Both you and those kids are right, you are loopy or something in the head and different and creative. Just like all of us here. Welcome.


----------



## dave the dead (Jan 31, 2007)

maybe its everyone else who has a problem....yeah, thats it. You are among fiends here.


----------



## trishaanne (Aug 20, 2005)

Welcome to our twisted, loopy little family here. Nice to met you.


----------



## Wyatt Furr (Jun 5, 2006)

Loopy? I thought it was just gas.....
Howdy and welcome to the Forum


----------



## DeadSpider (Feb 3, 2006)

Welcome aboard RAWR.


----------



## Bloodhound (Oct 16, 2007)

An obsessed halloween geek. Loopy or something in the head. Like diffrent or creative. Perfect!! Welcome!!


----------



## HrdHeaded1 (Sep 20, 2007)

Howdy and welcome to the group! Loopy? jinkies.. not us.. a little demon crazed maybe.. but not loopy!  You'll fit right in with us.. Come join us in chat sometime as well.


----------



## Vlad (Aug 2, 2005)

Welcome to the forum Rawr. You'll fit right in here. We have an active group of younger haunters.


----------



## pyro (Oct 7, 2006)

hell o & welcome


----------



## scareme (Aug 29, 2006)

Hi and welcome to the forum. You won't mind if we pick your brain, will you?


----------



## RAWR (Apr 4, 2008)

thanks for the welcomes...to hell.


----------



## GothicCandle (Mar 26, 2007)

Hope you like it here.
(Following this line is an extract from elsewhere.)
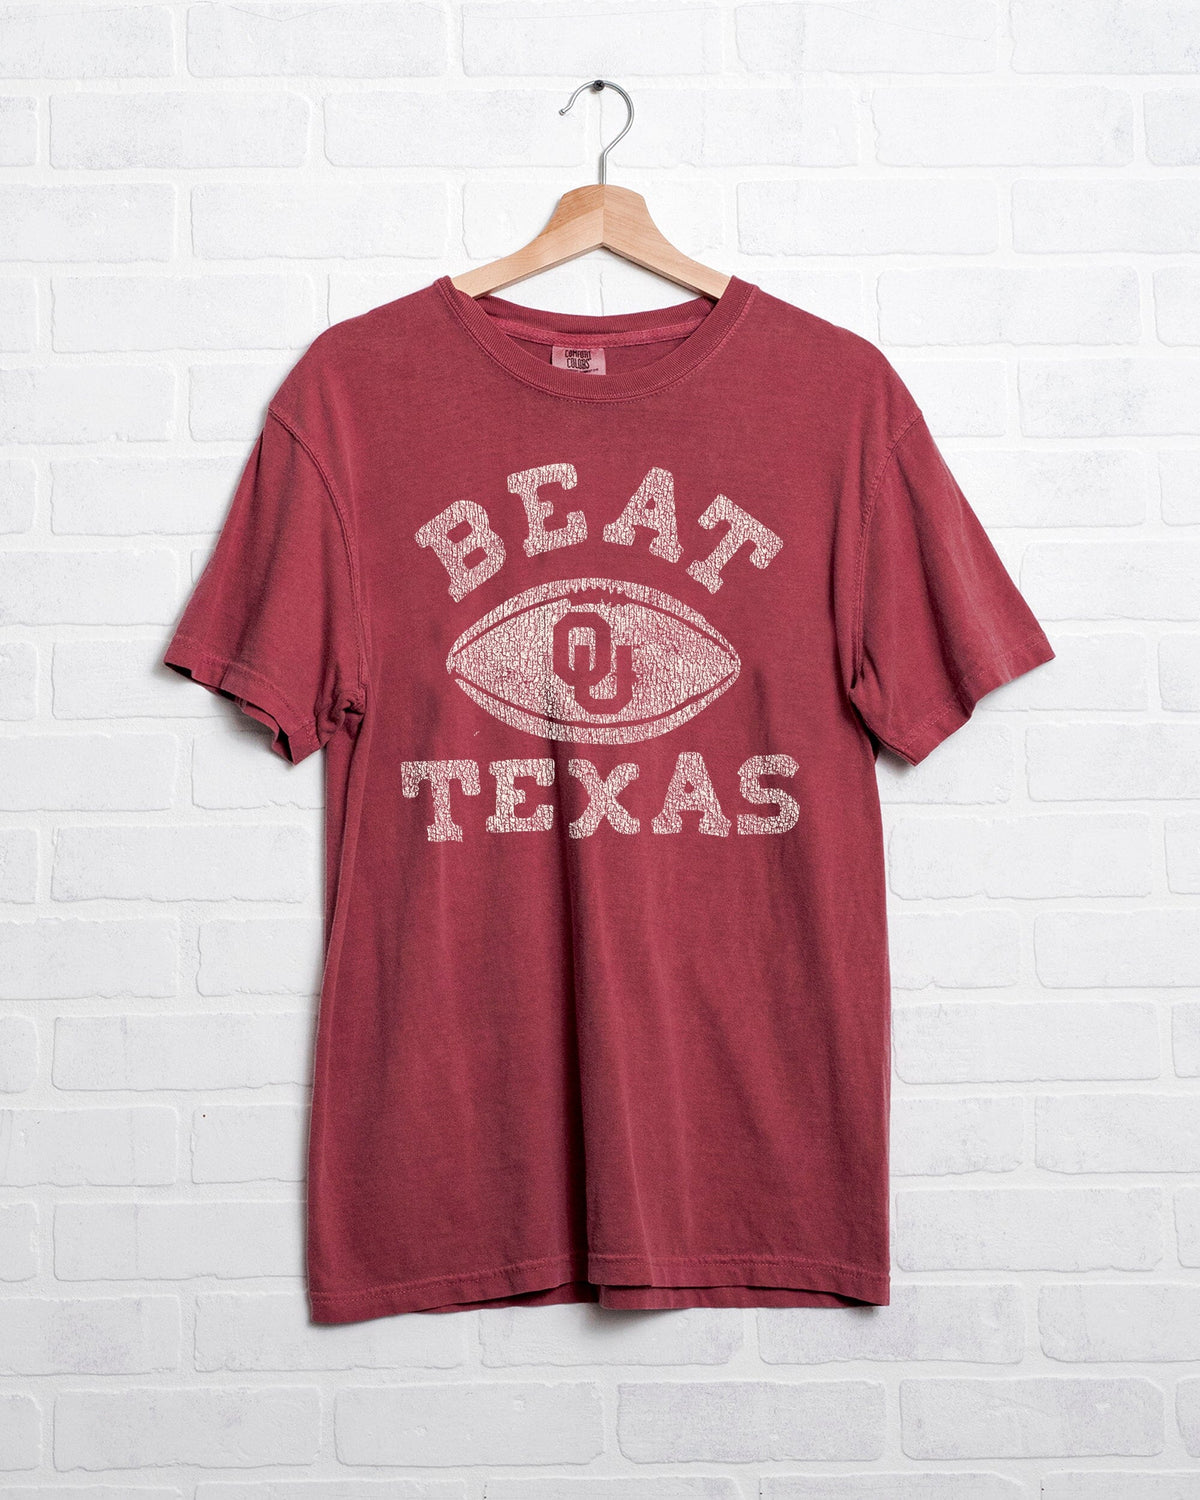 OU Beat Texas Football Crimson Tee

Welcome.


----------



## Ghoulbug (Apr 24, 2007)

Welcome !!


----------



## Evil Queen (Mar 8, 2008)

Welcome! and 
Boo!


----------



## RAWR (Apr 4, 2008)

Oh jeez that boo scared me. whoaa don't creep up on me like that. again thanks for all the friendly(kinda scary just kidding) welcomes.


----------



## perdidoman (Dec 2, 2007)

Welcome : )


----------



## BoysinBoo (Dec 10, 2007)

> A halloween geek.


As the good book says, "... and the geeks shall inherit the Earth". Well, it's something like that, anyway.


----------



## Spooklights (Jul 4, 2006)

There's a fine line between genius and insanity. Whichever one you've got (or both), welcome to the forum!


----------



## Ghostess (Aug 21, 2005)

Welcome RAWR, and great job again on your flower.


----------



## PrettyGhoul (Oct 7, 2005)

*Hi RAWR and welcome to HauntForum! It's good to be a little loopy, it makes people more interesting and encourages creativity.*


----------



## Lilly (Jun 13, 2006)

Welcome Rawr...
we take all kinds here...no worries


----------